PFL is a commercial printing company.  Historically, the commercial printing business has been a local affair that has been driven by the quest for large print run opportunities that take advantage of relatively fixed costs.  PFL, however, has turned the traditional model on its head.  It has served some 60,000 small businesses throughout the U.S. with print orders averaging in the hundreds of dollars.  It's been a successive member of the Inc. 500 by taking advantage of the following:

  • PFL uses long tail advertising services such as Google and Overture to help draw prospective customers to its e-commerce website.
  • Orders are paid for using credit cards, which helps to minimize the carrying cost of accounts receivable.
  • Customers use readily available publishing software and Adobe Acrobat to co-produce their custom designs for business cards and brochures.
  • PFL prints about half of all orders in its facility in Livingston, Montana, ensuring a very high rate of capacity utilization, which enables profitability while offering competitive pricing to consumers.
  • Additional capacity is tapped by collaborating with a network of print partners throughout the U.S.  This has the virtues of faster turnaround, lower inventory costs, and the increased flexibility of on-demand surge capacity.  In turn, PFL provides its print partners with sales, customer relations, payment, and guaranteed digital pre-press services.
  • The internet-powered logistics of UPS and FedEx are used to deliver finished products according to timetables and pricing chosen by the customer.

Until PFL achieves its ambition of becoming "America's Print Shop," it remains a nice example of a relatively small business that has a successful long tail strategy.

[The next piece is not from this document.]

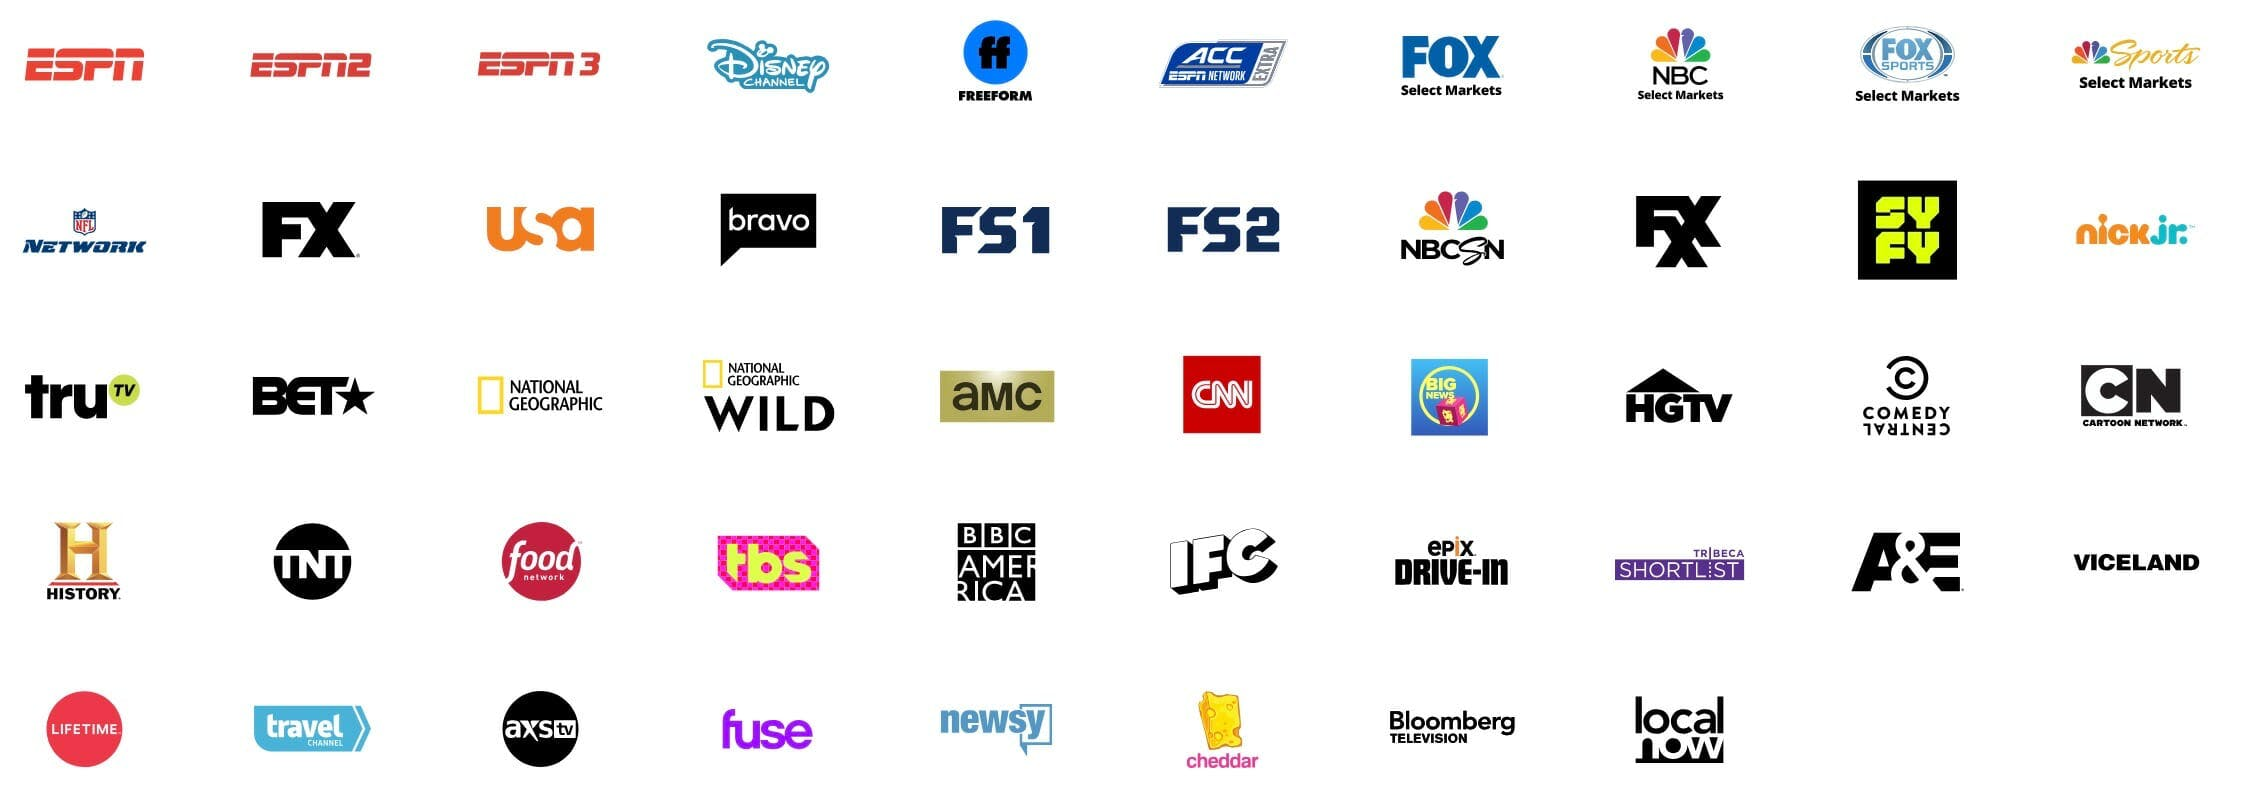 stream nfl games today on tv week 15 - sling orange + blue

I enjoyed Anderson's book, notwithstanding his occasional tendency to veer into hyperbole:

Soon everything will make it to market and the real opportunity will be in sorting it out.

Fortunately, he usually reels the rhetoric back in:

I've described the Long Tail as the death of the 80/20 Rule, even though it's actually nothing of the sort.  The real 80/20 Rule is just the acknowledgement that a Pareto distribution is at work, and some things will sell a lot better than others, which is true in Long Tail markets as it is in traditional markets.
What the Long Tail offers, however, is the encouragement not to be dominated by the Rule.  Even if 20 percent of the products account for 80 percent of the revenue, that's no reason not to carry the other 80 percent of the products.  In Long Tail markets, where the carrying costs of inventory are low, the incentive is there to carry everything, regardless of the volume of its sales.  Who knows - with good search and recommendations, a bottom 80 percent product could turn into a top 20 percent product.

As the information content of products and services increases, I believe it likely that Anderson's right, and the long tail of demand will become more apparent across a widening range of consumer categories.  His advice to "1. Make everything available" and "2. Help me find it" can be construed as meaning keep your options open in an environment of increasing uncertainty.  After all, while the range of quality may increase as one moves from the "head" of the distribution toward the tail, tomorrow's hits are to be found in the tail.